A computer software manufacturer wants to start the production of floppy disks. He observes that he will have to spend ? 2 lakh for the technical know-how. The cost of setting up the machine is ₹ 88,000 and the cost of producing each unit is ? 30. He can sell each floppy at ₹ 45. Determine (i) the total cost function for producing x floppies, and (ii) the break-even point.
Solution:
Given total money spend for technical know how = ₹ 200000
and cost of setting medicine = ₹ 88000
∴ TFC = total fixed cost = 200000 + 88000 = ₹ 288000
TVC = ₹ 30x
∴ C(x) = TFC + TVC = ₹(288000 + 30x)
S.P of one floppy = ₹ 45
∴ S.P of x floppies = R(x) = ₹ 45x
∴ profit function = P(x) = R(x) – C(x) = 45x – 288000 – 30x = 15x – 288000
For breakeven point ; P(x) = 0 ⇒ 15x – 288000 = 0 ⇒ x = \(\frac { 288000 }{ 15 }\) = 19200 units

Question 9.
A company sells its product at the rate of ₹ 6 per unit. The variable costs are estimated to run 25% of the total revenue received. If the fixed costs for the product are ₹ 45,00, find
(i) The total revenue function,
(ii) The total cost function,
(iii) The profit function,
(iv) The break-even point,
(v) The number of units the company must sell to cover its fixed cost.
Solution:
Given Total fixed cost = TFC = ₹ 4500
S.P of one unit = ₹ 6
∴ S.P of x units = ₹ 6x = R(x) = Revenue function
∴ TVC = 25% of R(x) = \(\frac { 1 }{ 4 }\) × 6x = ₹ \(\frac { 3x }{ 2 }\)
Thus C(x) = TFC + TVC = 4500 + \(\frac { 3x }{ 2 }\)
∴ profit function = P(x) = R(x) – C(x) = 6x – 4500 – \(\frac { 3x }{ 2 }\) = ₹\(\left(\frac{9 x}{2}-4500\right)\)
For breakeven point, we put P(x) = 0 ⇒ \(\frac { 9x }{ 2 }\) – 4500 = 0 ⇒ 9x = 9000 ⇒ x = 1000 units
∴ required no. of units the company must sell to cover its fixed cost =\(\frac { 4500 }{ 6 }\) = 750

Question 10.
A company sells x tins of talcum powder each day as ₹ 10 per tin. The cost of mauufacturing is ₹ 6 per tin and the distributor charges ₹ 1 per tin. Besides these daily overhead cost, a fixed cost comes to ₹ 600. Determine the profit function. What is the profit if 500 tins are manufactured and sold a day. How do you interpret the situation if the company manufactures and sells 100 tins a day? What is the break-even point?
Solution:
S.P of one tin of talcum powder = ₹ 10
∴ S.P of x tins of talcum powder = ₹ 10x
∴ Revenue function = R(x) = ₹ 10x
∴ Cost price of one tin of talcum powder = ₹(6 + 1) = ₹ 7
Then total variable cost = TVC = ₹ 7x and TFC = ₹ 600
∴C(x) = TFC + TVC = 600 + 7x
Thus, profit function = P(x) = R(x) – C(x) = 10x – 600 – 7x = 3x – 600
Therefore, profit on manufacturing and selling 500 tins per day = P(500) = 3 × 500 – 600 = ₹ 900
If the company manufactures and sells 100 tins per day.
∴ P(100) = 300 – 600 = -300
Thus the company has ₹ 300 loss.
For break even point ; P(x) = 0 ⇒ 3x – 600 = 0 ⇒ x = 200

Question 11.
From the following information, calculate break-even point in terms of sales value and in units.
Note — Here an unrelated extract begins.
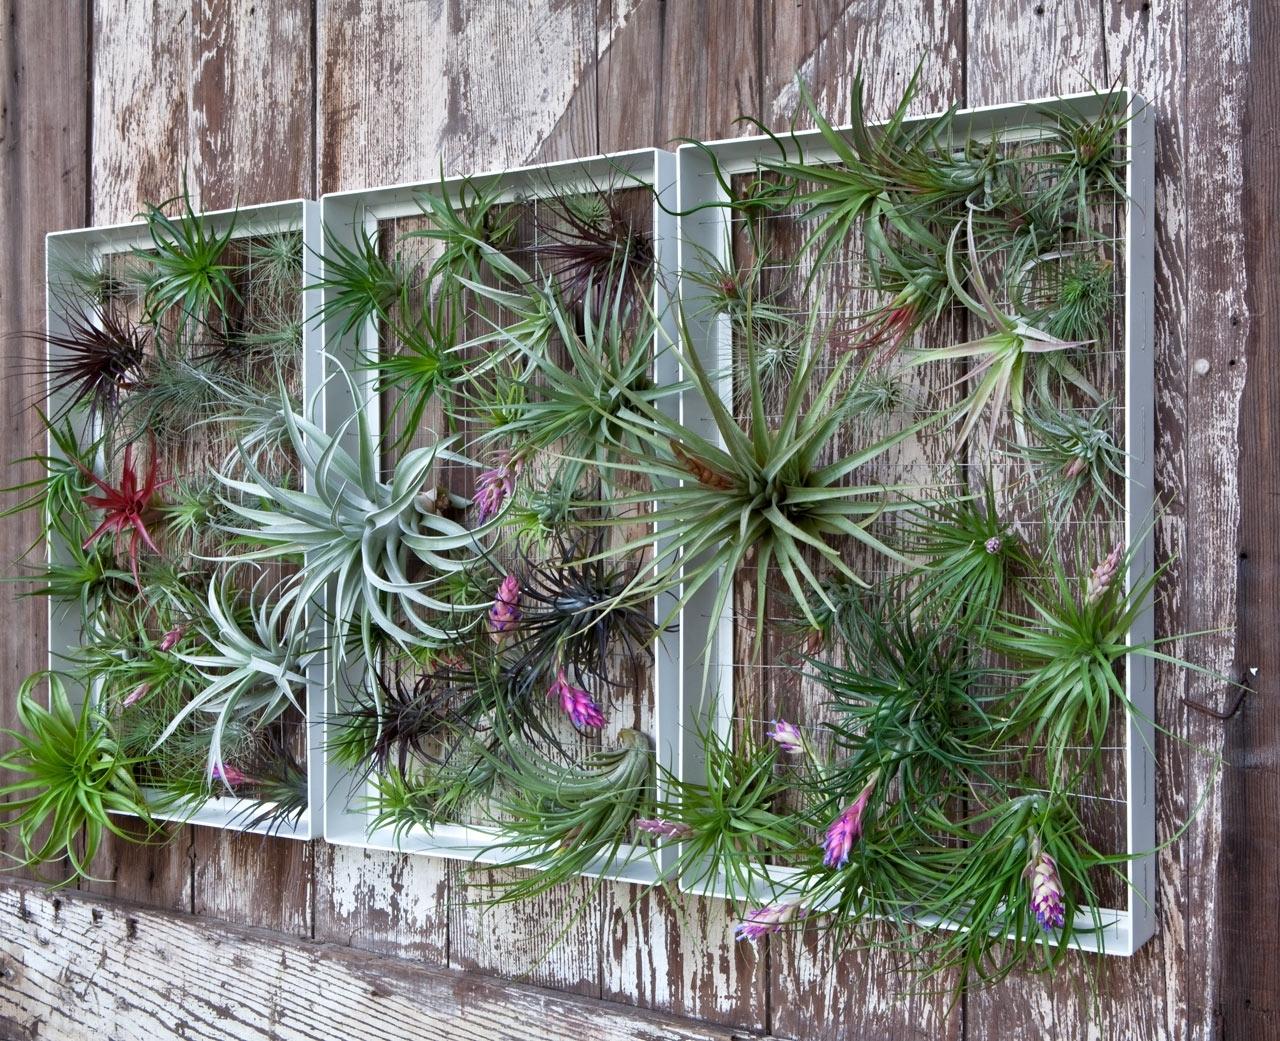 Living Wall Art Vertical Garden Framesairplantman – Design Milk Within Favorite Garden Wall Art (View 6 of 15)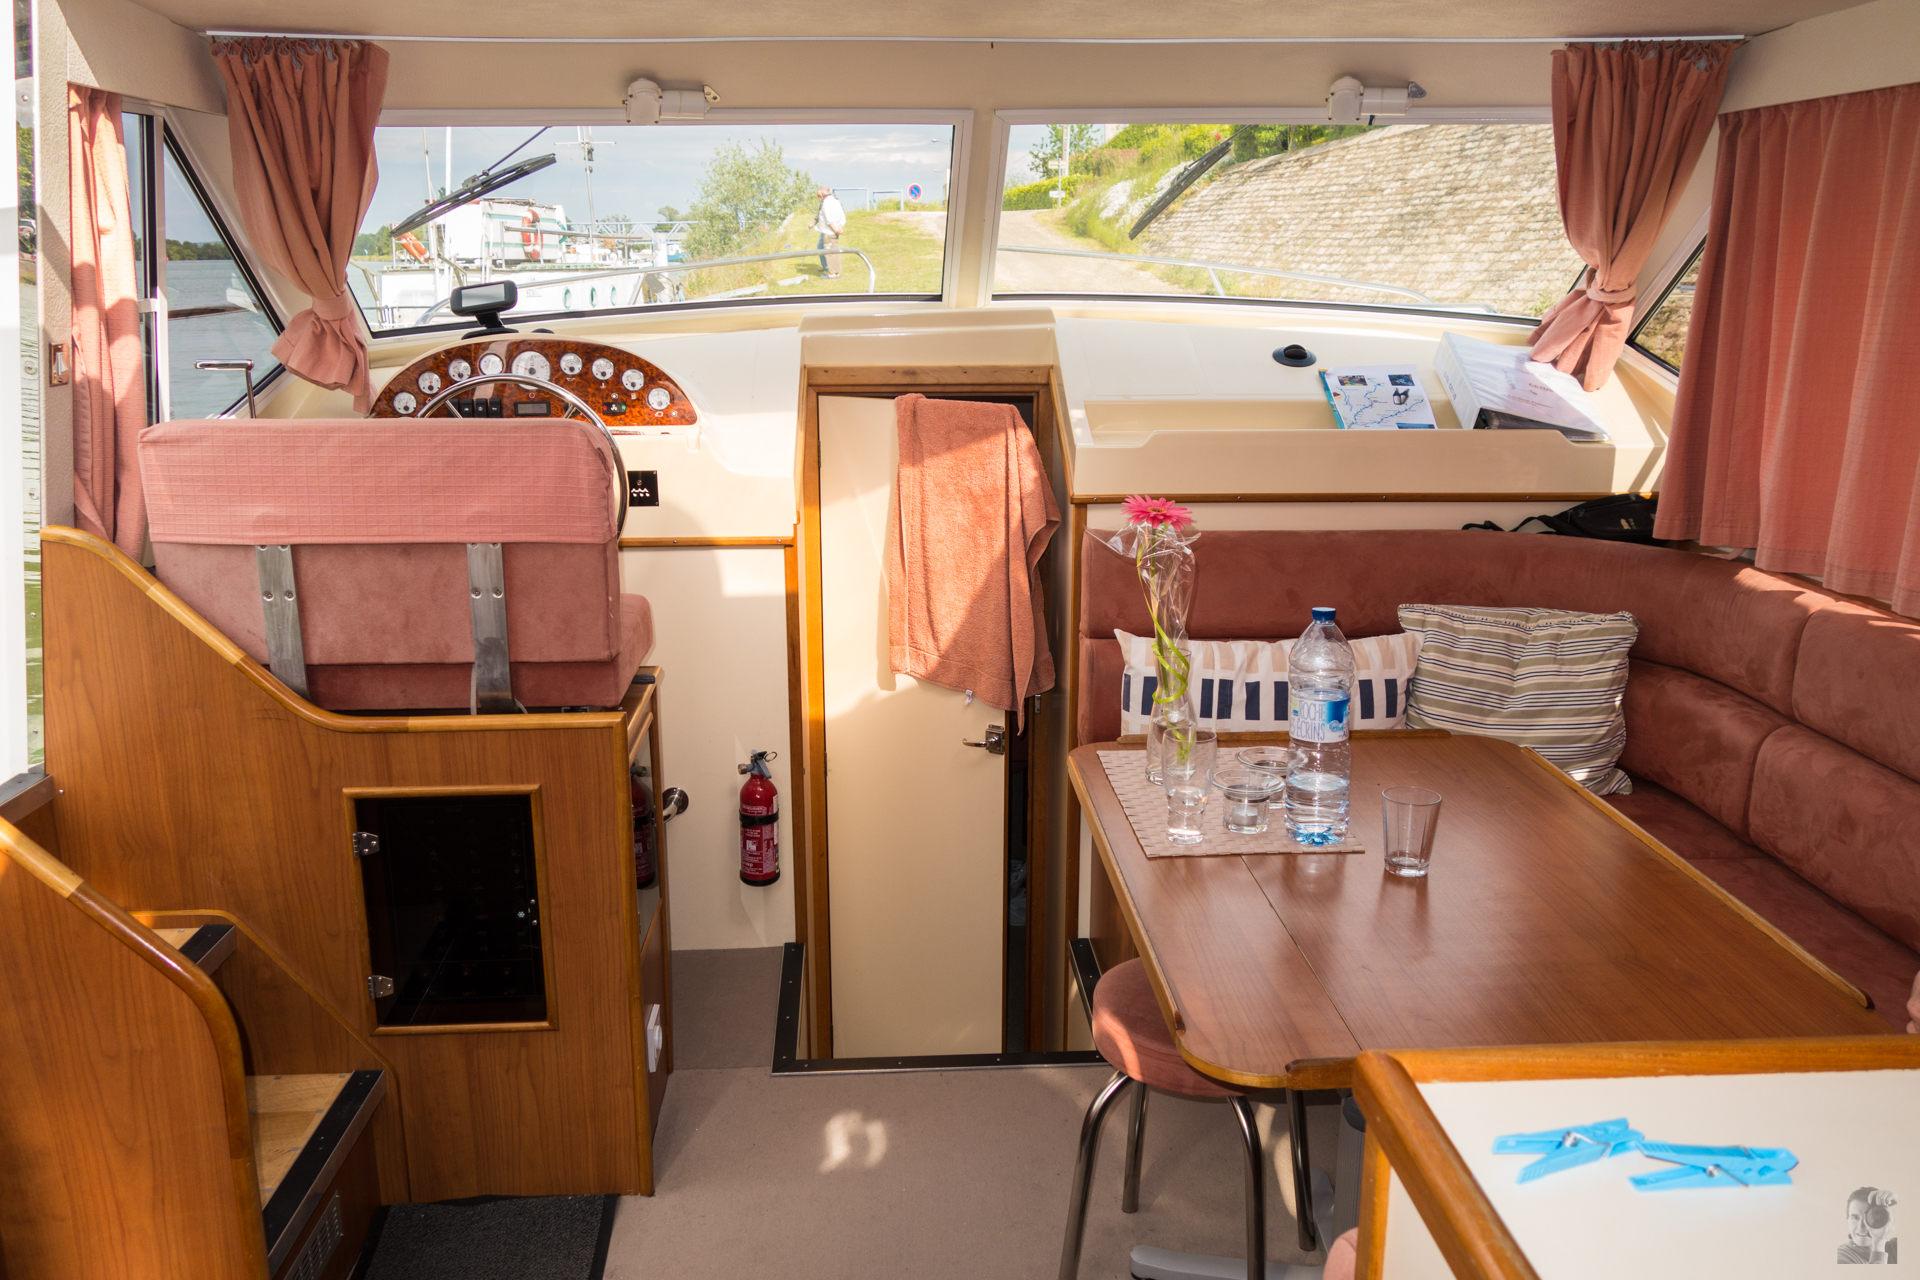 Hausbootferien 2014-Scey-sur-Saône, Locaboat, Europa 400

Fixed factory overhead cost = ₹ 60,000. Fixed selling overhead cost = ₹ 12,000, variable manufacturing cost = ₹ 12 per unit, selling price per unit = ₹ 24.
Solution:
Fixed factory overhead cost = ₹ 60000
fixed selling overhead cost = ₹ 12000
∴ TFC = ₹ 60000 + ₹ 12000 = ₹ 72,000
TVC = ₹ 12x
∴ C(x) = TFC + TVC = 72000 + 12x and R(x) = S.P of x units = ₹ 24x
∴ Profit function = P(x) = R(x) – C(x) = 24x – 72000 – 12x = 12x – 72000
For breakeven point
∴ P(x) = 0 ⇒ 12x – 72000 = 0 ⇒ x = 6000 units
Thus; break even point in terms of sales value = ₹ 6000 × 24 = ₹ 1,44,000

Question 12.
The daily cost of production C for x units of an assembly is given by C(x) = ₹(12.5x + 6400)
(i) If each unit is sold, for ₹ 25, determine the minimum number of units that should be produced and sold to ensure’tio loss.
(ii) If the selling price is reduced by ₹ 2.50 per unit, what would be the break-even point?
(iii) If it is known that 500 units can be sold daily what price per unit should be charged to guarantee no loss?
Solution:
Given cost function C(x)=₹(12.5 x+6400)
(i) given S.P of one unit = ₹ 25
∴ Revenue function = S.P of x units = ₹ 25x
∴ P(x) = R(x) – C(x) = 25x – 12.5x – 6400 = 12.5x – 6400
Thus, the minimum no. of units that should be produced and sold to ensure no loss.
i.e. at breakeven point ∴P(x) = 0 ⇒ 12.5x – 6400 = 0 ⇒ x = \(\frac{6400}{12.5}\) = 512 units

(ii) If S.P of per unit is decreased by ₹ 2.50 per unit
∴ S.P of x units = (25 -2.50)x = ₹ 22.50x
For break even point ; P(x) = 0 ⇒ R(x) – C(x) = 0 ⇒ 22.50x – 12.50x – 6400 = 0
⇒ 10x = 6400 ⇒ x = 640 units

(iii) Since 500 units can be sold daily i.e. x = 500
∴C(500) = (12.5 × 500 + 6400) = ₹ 12,650
Let S.P of each unit be ₹ y
∴ R(x) = S.P of 500 units = ₹ 500y
For no loss i.e. breakeven point; P(x) = 0 ⇒ R(x) = C(x) ⇒ R(500) = C(500)
⇒ 500y = 12,650 ⇒ y = \(\frac{12,650}{500}\) = ₹ 25.30
Hence, required price per unit should be charged to guarantee no loss be ₹ 25.30.

Question 13.
A company decides to set up a small production plant for manufacturing eiectronic clocks. The total cost for initial set up as fixed cost is ₹ 9 lakh. The additional cost (i.e., variable cost) for producing each clock is ₹ 300. Each clock is sold at ₹ 750. During the first month 1500 clocks are produced and sold.
(i) Determine the cost function C(x) for the total cost of producing x clocks.
(ii) Determine the revenue function R(x) for the total revenue from the sale of x clocks.
(iii) Determine the profit function P(x) for the total revenue from the sale of x clocks.
(iv) What profit or loss the company incurs during the first month when all the 1500 clocks are sold.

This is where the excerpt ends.